# AVRR crummie #249 revisited



## Mik (Jan 2, 2008)

I wasn't going to bother doing a log on this, but Joe said the forums were too quiet, so here's some 'noise'.....

If you happen to see a freight train on the AV, it usually has #249 tagging along behind. 











I have 4 cabeese, crummies or hacks here, but this one is the one I always grab. Why? Mostly because it's kept in the box with the freight cars and the others aren't....









It started out as your usual run-of-the-mill Lehmann Toytrain caboose









Back in 2007 I made a cardstock interior for it. I was inside, so it was fine. It was missing the smokejack, so I put in an Aristo smoking stove.











I also weathered it and added metal wheels










This summer it got left outside on the layout for about 10 days. Turns out the roof leaks, the bottom doesn't. An inch of water isn't very good for cardstock







So I replaced some of it today. I also drilled a couple small holes in the floor and resealed the cupola. It isn't wonderful, but I'll live with it for now.











My main project was switching it over from 4-wheel to 8. I recently got a subframe from one of those really short LGB passenger cars in trade. It was about 1-1/2" too long, but Mr Scrollsaw took care of that. I also shortened the smokejack, and accidentally trashed the smoke unit... oh well.

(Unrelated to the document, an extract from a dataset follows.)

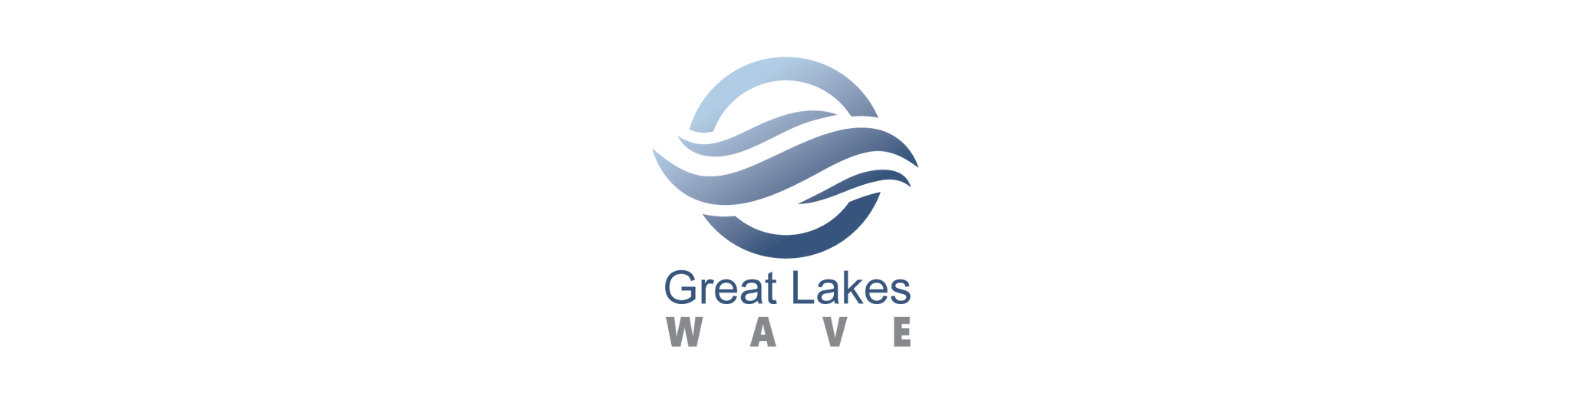 Great Lakes Wave Slider

An hour later it was ready to go back in service. Raw Umber works pretty well for simulating old rust on wheels and trucks.


----------



## Dave Meashey (Jan 2, 2008)

Mik;

I have one of those cabooses. I left the original frame, but did add a set of the Lionel arch bar trucks with metal wheels (Bachmann 21mm). I epoxied basswood beams for the bolsters and cut the cast-on wheel irons from the frame. These little cabs look great with trucks under them.



















I also modified the European style vacuum hoses to resemble our air hoses.

Have fun with your cab,
David Meashey


----------